Simms had worked at the Genesis Centre on the Memorial University campus for 14 years, most recently as Vice-President of Programs and Operations. In June, she left to take a position with the Business Development Bank of Canada.
But she soon learned that Genesis CEO Greg Hood had agreed to take a job back in his native Toronto. She was approached and accepted the position of President and CEO of the Genesis Centre. After seven weeks with BDC, she rejoined Genesis last week.
“Being able to come back to the Genesis Centre in this role was a really exciting opportunity to me and one that I couldn’t pass up,” she said in an interview Tuesday. “Being able to put my mark on the Centre would be great, and we have a really incredible team here.”
The appointment of the new CEO is the latest in a wave of changes at the Genesis Centre, which opened in 1993 as an agency to commercialize intellectual property at Memorial. It has evolved into an incubator that offers office space and programming to St. John’s startups. Of the 11 tenants in its offices now, none have grown out of IP developed at the university.

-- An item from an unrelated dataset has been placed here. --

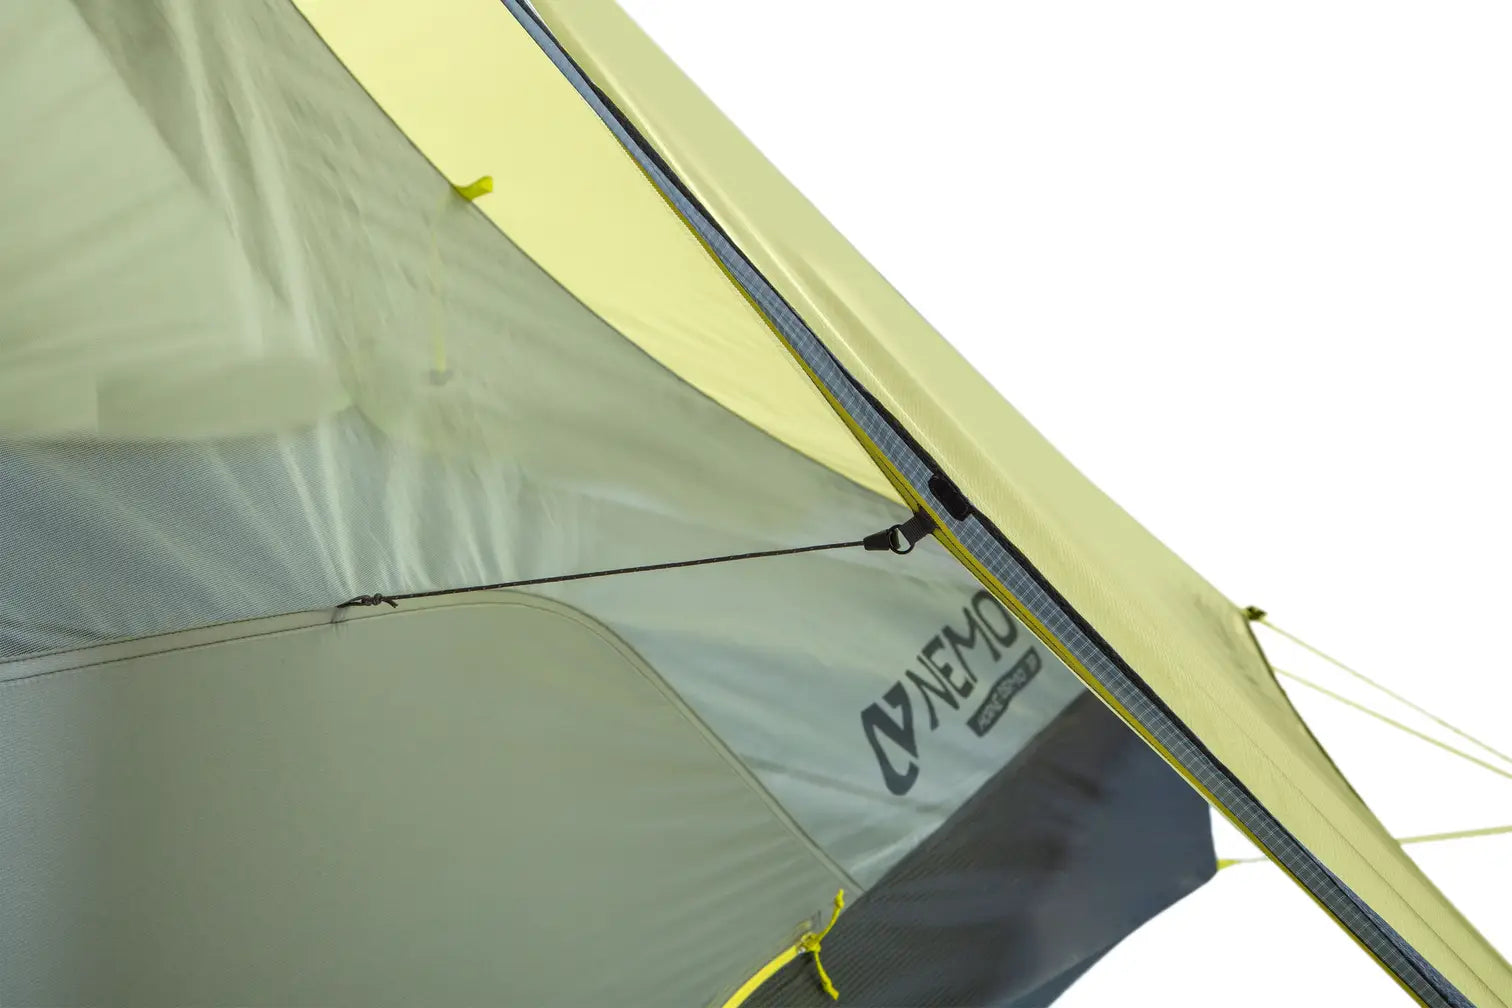 Nemo - Hornet OSMO 1P Ultralight Backpacking Tent

In 2014, David King, who had been with the Genesis organization since its opening, left to take up a teaching position in Qatar. He was replaced by Hood, who Simms said has now found a position in Toronto that allows him to be with his family.
Meanwhile, the Genesis Centre plans to leave its elegant offices in Memorial's Bruneau Centre for Research and Innovation in 2017 for the university’s new development at the Battery, on the side of Signal Hill.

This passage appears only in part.